We examined if the urethral microbiota of the adult, breeding male differed from the microbiota of juvenile males. Each breeding group had a single adult breeding male with the exception of group H (n = 4) and I (n = 3), which were further divided into subgroups within a single housing unit. Adult males neither differed from other males in the OTU richness (p = 0.145, [Mann-Whitney test], Fig. 4a) nor the evenness (p = 0.453 [Mann-Whitney test], Fig. 4b). Pairwise AMOVA of unweighted UniFrac distances found that being the breeding male in a group had no effect on community structure (p = 0.123). A dendrogram of unweighted UniFrac distances shows that the adult animals did not cluster separately from other animals (parsimony analysis, p = 0.768; Fig. 4c). OTU richness and evenness measurements of each breeding group are shown in Fig. S6. We note here, that the sample size of male animals in each breeding group were low (n = 1 to 4 animals). Therefore, statistical analysis was not performed to examine breeding group differences.

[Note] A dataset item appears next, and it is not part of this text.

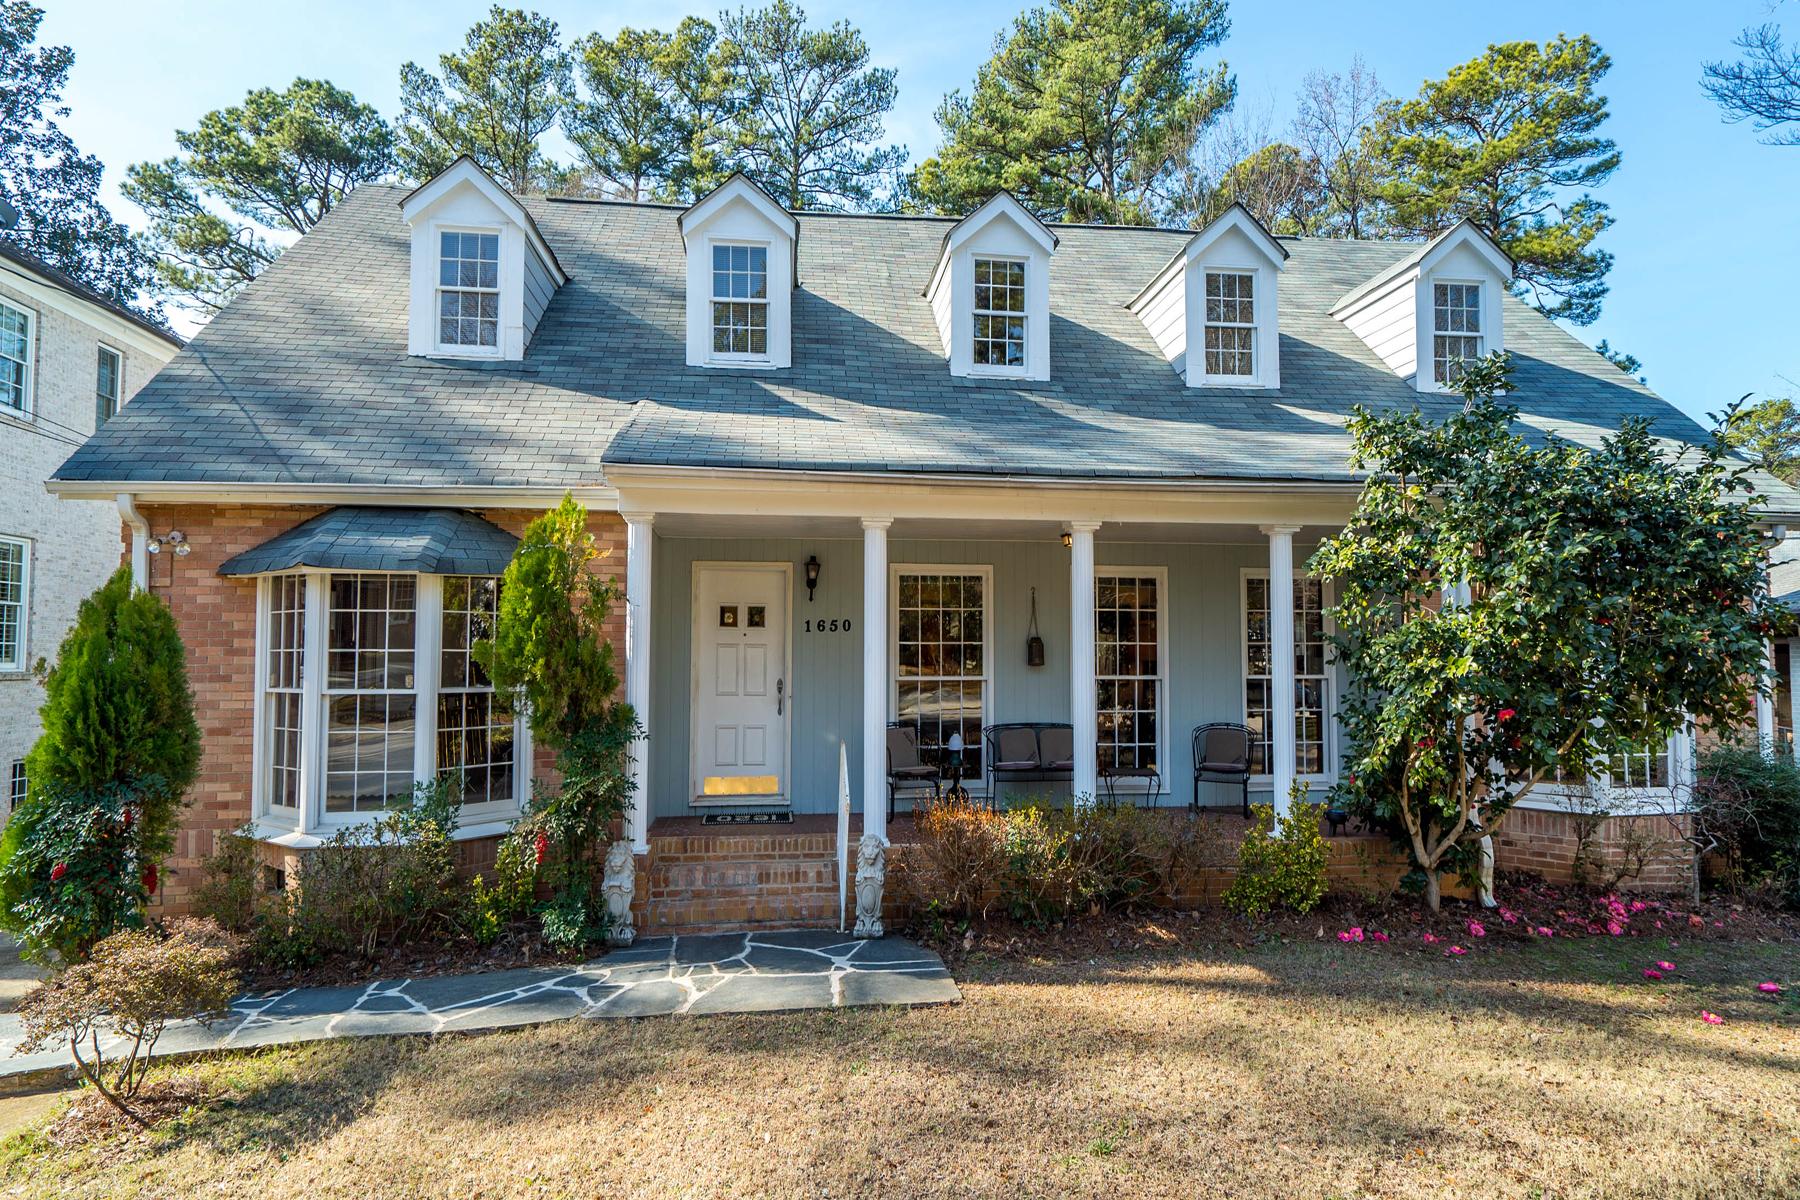 Maison unifamiliale pour l Vente à Cape Cod On Morningside's Premier Street And Fantastic Lot 1650 Merton Road NE Atlanta, Georgia, 30306 États-Unis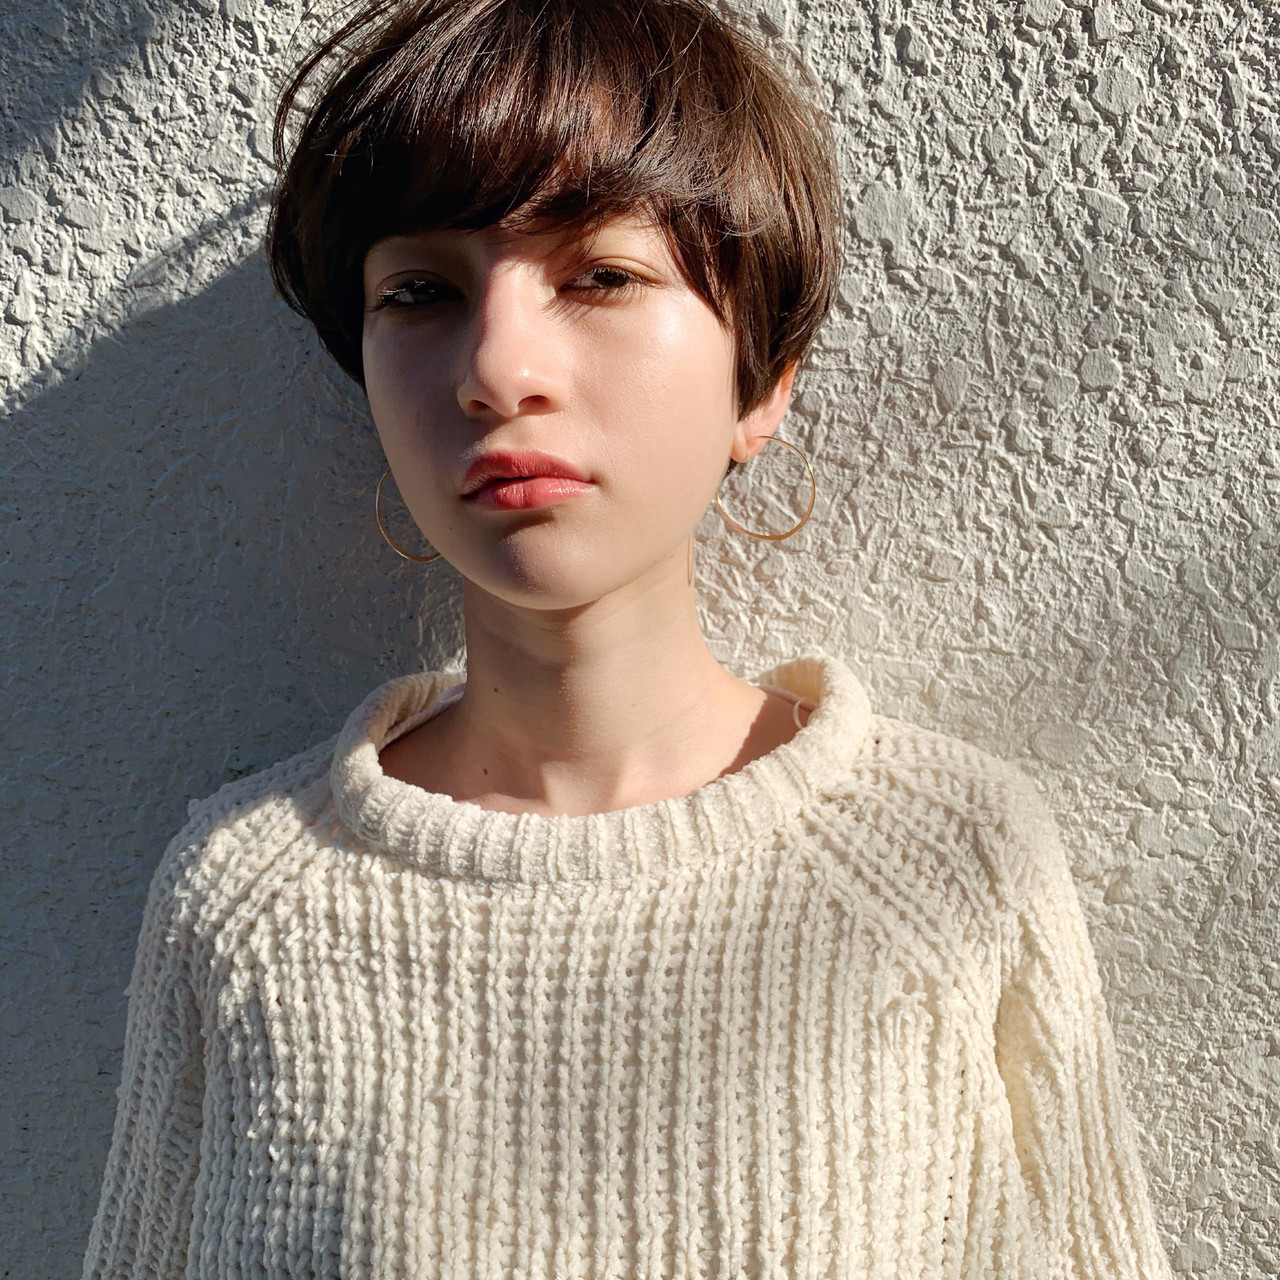 デート アウトドア モード ショートヘアスタイルや髪型の写真・画像

Lactating and menstruating female have a more similar microbiota to the male urethra

On the phylum level, Firmicutes and Bacteroidetes dominated both microbiotas, making up 80.1 ± 6.9% in the male urethra and 69.9 ± 17.8% in the vagina. Yet, Fusobacteria, the third most abundant phylum in the vagina (14.4 ± 16.1%), only made up 1.9 ± 3.3% in the male urethra. The most abundant genus across the dataset for both, male and female genital microbiota was Prevotella. Several OTUs cluster into this bacterial genus and the most abundant Prevotella OTUs (mean abundance of 6.0 ± 8.7%) was found in 226 out of 231 animals. Other Prevotella OTUs were less abundant and only dominant in some samples (Fig. 1: vaginal microbiota and Fig. 4: male urethral microbiota).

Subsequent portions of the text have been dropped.